Well I havent been able to find much info on my Compact Custom, it seems to be most similar to the Pro Carry II. Could someone give me some info on adjusting the trigger? It has the adjustment screw in the trigger, question is what direction do you turn it for lighter pull and what are the ranges you can achieve?


----------



## Mike Barham

The screw only controls overtravel, not weight of pull. If you want to alter the pull weight, find a reputable gunsmith familiar with 1911s.


----------



## Guest

Frankly that's something you dont want to mess with yourself anyway; it's real easy to set it too light and have shots fire you didn't intend to shoot. Someone could get killed.


----------



## Baldy

I never mess with a trigger adjustment. There's just to many ways to mess one up if you don't know what your doing.


----------



## milquetoast

As noted above, that screw does not adjust weight of pull, it adjusts amount of overtravel (the distance the trigger moves after the sear has released). The less motion after the hammer falls, the more accurately you can shoot. So, serious target shooters adjust that little screw so that it moves hardly at all after the sear releases. The problem is, if you go one hundredth of an inch too far, the rearward motion of the trigger is restricted to the point where the gun will not fire! If that happens in a target shooting contest, you raise your hand, and then fix it. If it happens in a gunfight, you die.

Here are two options:

Back the screw way, way out so that it isn't doing anything. Try your trigger pull and see if the overtravel is OK the way it is. It may be. If it's OK as is, then throw away the screw so that you never have to worry about it.
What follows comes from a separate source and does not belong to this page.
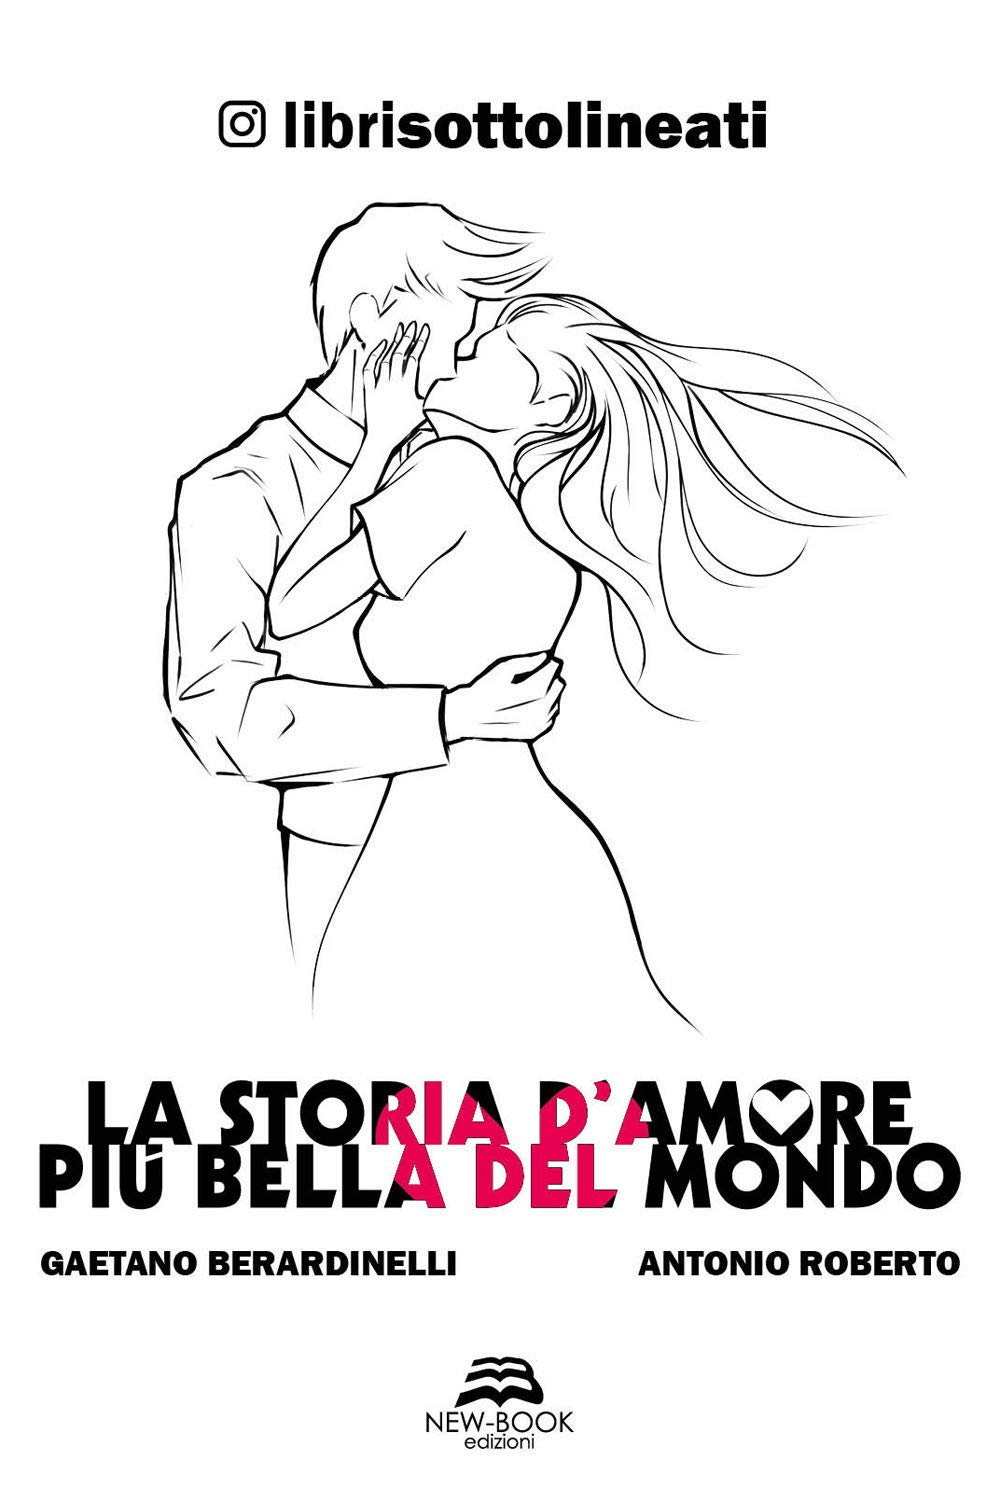 La storia d'amore più bella del mondo New-Book Edizioni

Alternatively, screw it all the way in, to the point where the hammer will not fall at all. Then, little by little, back it out until the hammer will fall. If you were going to be a competitive target shooter, you would leave it there. But, the Compact Custom is a defensive pistol, not a target pistol. Back it out one more turn, just so you never have to worry about the gun locking up at the wrong time.


----------



## Guest

I believe that adjustment can still cause an unplanned discharge since you are tightening up the "play" in trigger travel.

I'll state again, DON'T MESS WITH IT, YOU COULD KILL SOMEONE. Take it to a gunsmith and ask some questions then determine if an adjustment is a good idea. Answers to probative questions are free.


----------